Enforcing Unenforceable Contract Provisions in Bankruptcy

By on October 19, 2017

Executive Summary of an article written by
Amir Gamliel and Sara Chenetz, Perkins Coie LLC

Contracts routinely include anti-assignment and ipso facto provisions, which are typically unenforceable in bankruptcy cases. Such provisions restrict contracting parties from transferring their obligations and rights under the agreement to a third party without obtaining permission. They are known as “anti-assignment clauses.” They also permit termination due to the bankruptcy, financial condition or insolvency of a party — known as “ipso facto clauses.”

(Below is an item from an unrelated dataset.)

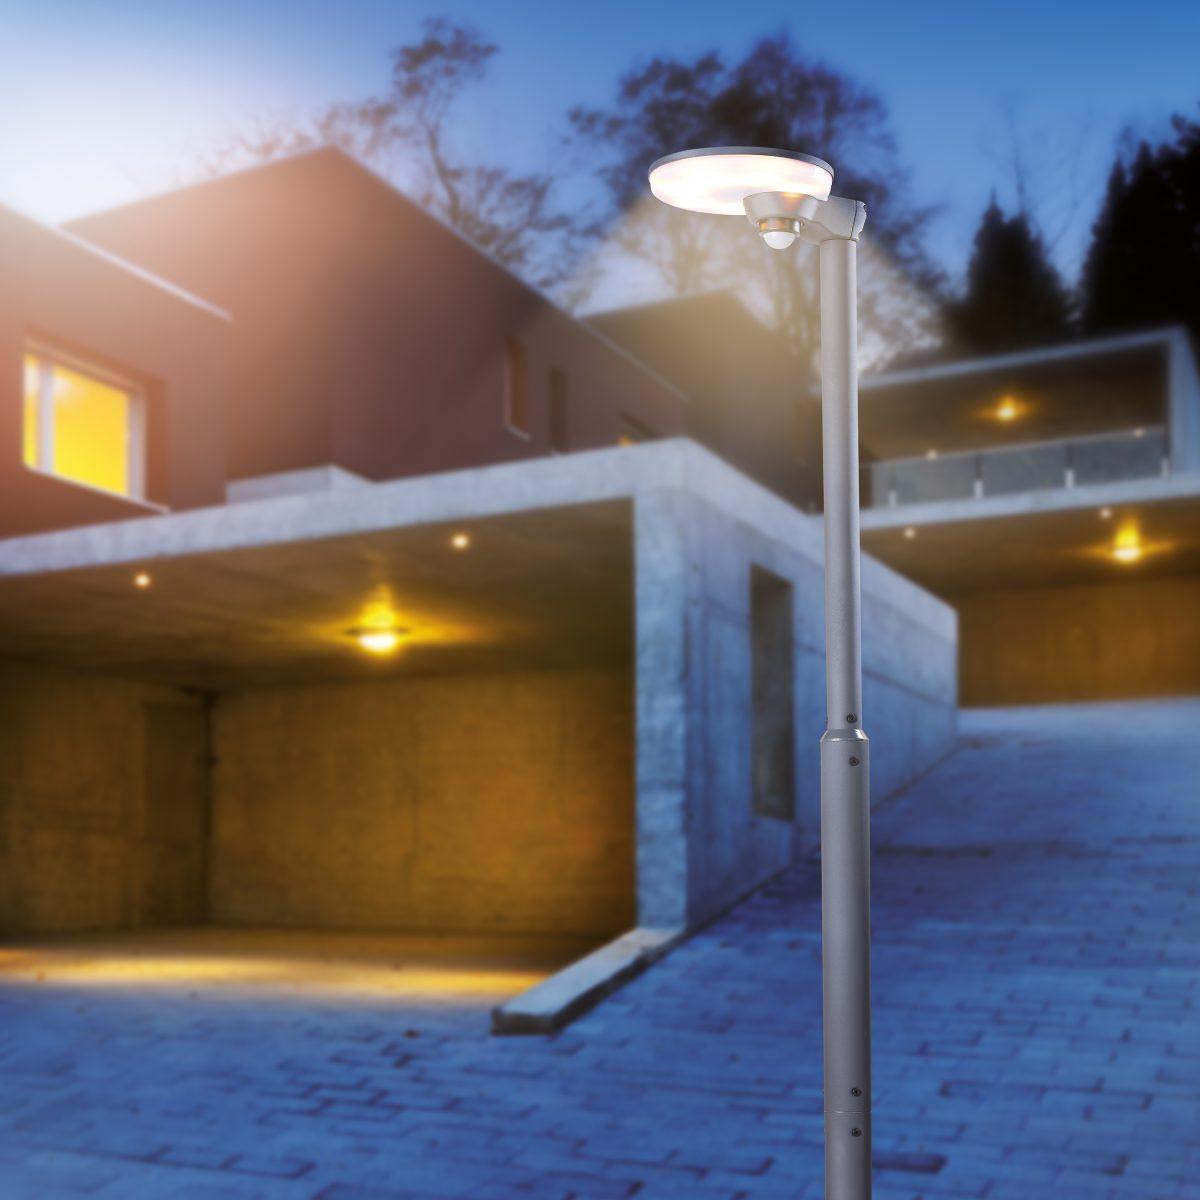 Solarlaterne im Winter

Personal service contracts are not assignable without consent. Bankruptcy Code also prohibits the assignment of contracts without consent if other applicable law specifically provides that the identity of a contracting party is crucial to the contract, or when public safety is at issue. Certain contracts are not assignable in bankruptcy, even if the other party to the contract consents. These include loans, debt financing or other “financial accommodations.” Ipso facto clauses, which provide, for example, that a contract terminates upon bankruptcy filing by a party, are typically unenforceable. They will be enforced in non-assignable contracts to make loans or other financial accommodations or issue securities. Ipso facto clauses contained in forward and commodity contracts are enforceable, provided that various preconditions are satisfied, among them that the contract fits the Bankruptcy Code’s definition of a forward or commodity contract.

It is typically the debtor in bankruptcy that benefits from the unenforceability of some of its contractual provisions. Entities doing business with other entities in financial distress may want to incorporate contractual terms that closely align with the applicable exceptions.